Symptoms of COPD don’t usually appear until significant lung damage has occurred – and worsen over time. Typical onset is in adulthood. In chronic bronchitis, the main symptom is a cough that occurs at least three months a year for two consecutive years. Other signs and symptoms of COPD include:
- Shortness of breath
- A chronic cough that won’t go away and may produce mucous
- Feeling tired or with increased shortness of breath, especially when exercising or performing daily activities.
- Tightness in the chest
People with COPD often start their day with a “productive” cough, meaning they bring up phlegm, with symptoms affecting everyday life. People with asthma tend to have a dry cough (unless they have an active lung or sinus infection) and wheeze. Other differences include:
- Asthma is most often diagnosed in childhood, while COPD is most often diagnosed in individuals over 40.
- COPD can be caused by a genetically inherited disorder, Alpha-1 Antitrypsin Deficiency occurs with the lack of a protective protein causing severe lung damage as young as age 20.
- People with asthma often have gastroesophageal reflux disease (GERD), while people with COPD may have GERD and are more likely to have congestive heart failure.
- COPD leads to a progressive loss of lung function, while asthma does not.
- A barrel-shaped chest due to the trapping of air is more characteristic of COPD than asthma.
Because asthma is often triggered by allergies and COPD is associated with smoking, efforts to control allergies and to quit smoking are beneficial in managing both of these diseases. Both asthma and COPD can be treated with bronchodilators and inhaled corticosteroids.
Bronchodilators help the airways to relax and open up. Steroids help reduce the inflammation in the airways. Your physician is the most qualified individual to help you decide your course of treatment.
COPD is a preventable disease. Although primary prevention hinges on tobacco cessation strategies, secondary prevention of COPD centers on early diagnosis, risk factor modification and adherence to treatment. While there is no cure for asthma or COPD, asthma attacks and COPD flare-ups can be prevented or reduced by taking medication daily and avoiding triggers.
Common airway irritants include smoke, aerosol sprays, perfumes, dust and air pollution. These substances can irritate sensitive airways. Cigarette smoke is the primary cause of COPD and a serious asthma trigger – do not allow smoking in your home or car and always look for non-smoking sections in public areas.
Shortness of breath in normal activities and frequent coughing are not signs of aging. These symptoms should not be ignored and you should contact your physician to find out what they could mean. You could have COPD, asthma or another medical condition.

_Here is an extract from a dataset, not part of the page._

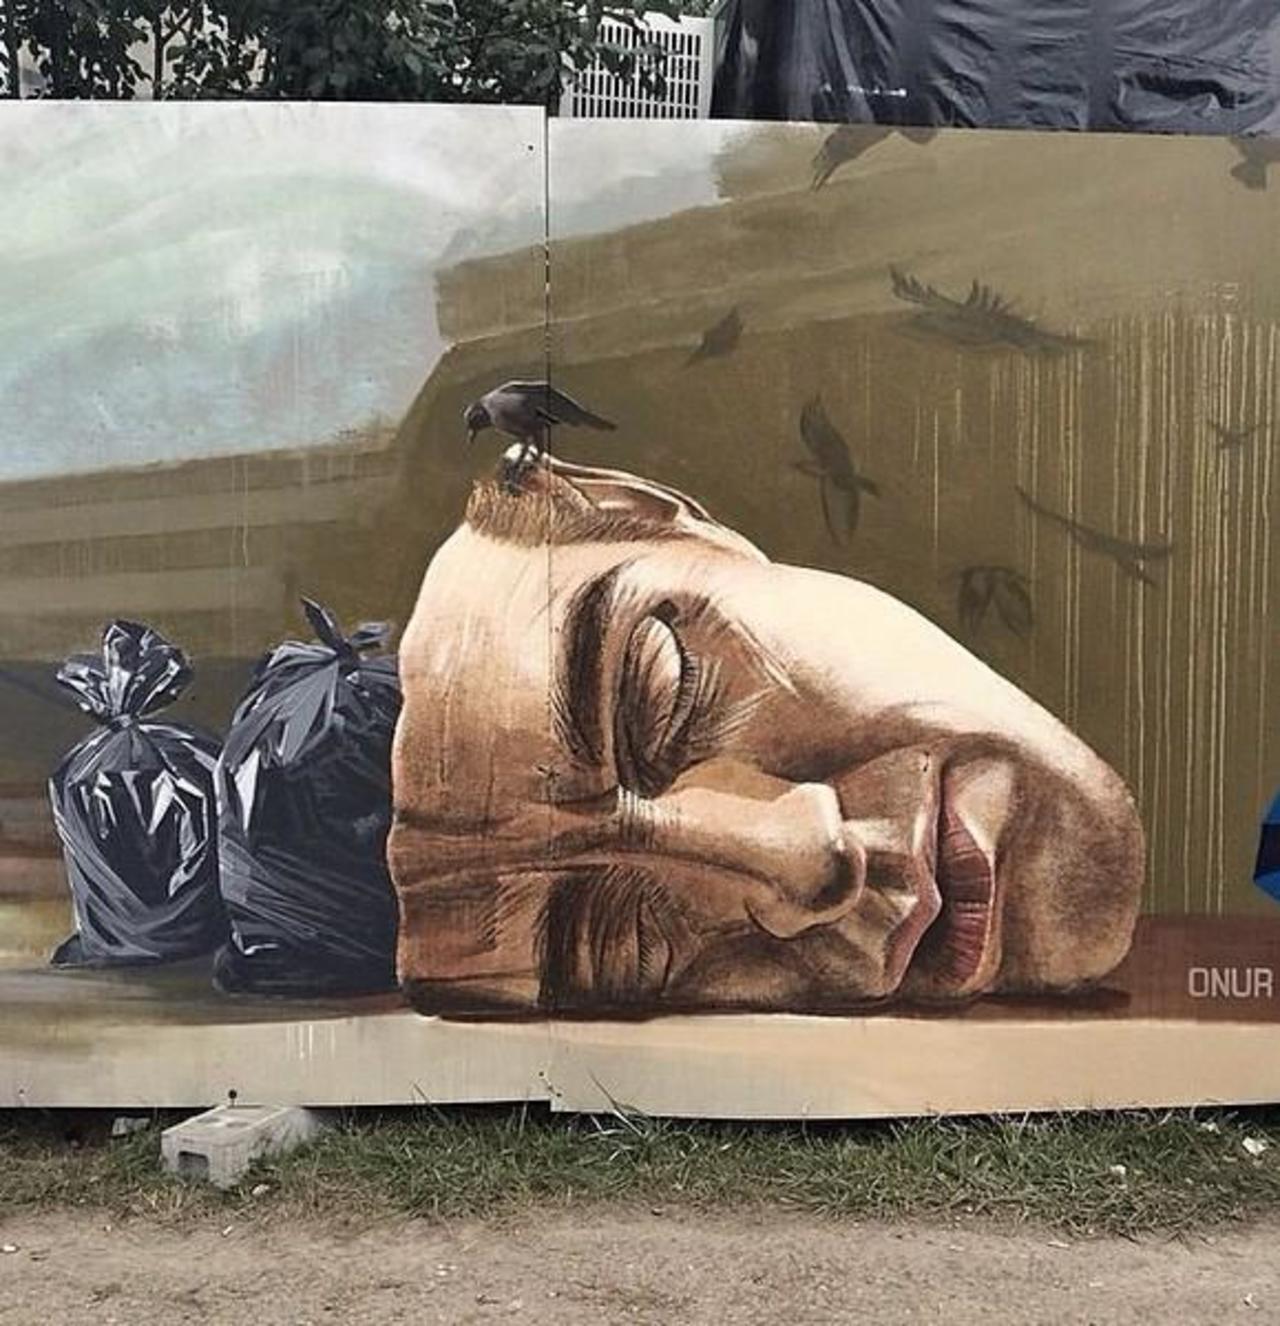 RT @designopinion: Artist ONUR new Street Art piece located in Biel, Switzerland #art #graffiti #mural #streetart http://t.co/Lo3h5W0V7N

Smoking causes lung damage – period. A long-term history of smoking is very common in people living with COPD, and continued smoking worsens the permanent lung damage. People with asthma have a 12-fold increase of developing COPD later in life if they smoke.
If you suspect either COPD or asthma, see your doctor who will listen to your chest for the wheezing of asthma and/or the reduced breath sounds associated with COPD. X-rays, CT scans and pulmonary function testing can further differentiate asthma from COPD.
Whether you have COPD or asthma, it’s important to understand that you are not alone. Try to join support groups online or in your community in order to learn more about the disease and new treatments. There are many groups dedicated to educating, engaging and empowering individuals who live with lung disease.
Asthma is a disease of the lungs marked by hyper sensitivity and chronic inflammation that responds well to treatment. COPD is often caused by prolonged exposure to lung irritants and permanent lung damage which does not respond as well to treatment as the condition progresses. Neither is curable, but both are treatable. Knowing the symptoms and treatments for each is important for improving quality of life. Many people with asthma can be virtually symptom-free when properly treated. COPD is a progressive disease – symptoms become more severe as a person ages. With proper maintenance treatment, people with COPD can experience some improvement in symptoms and slow further loss of lung function.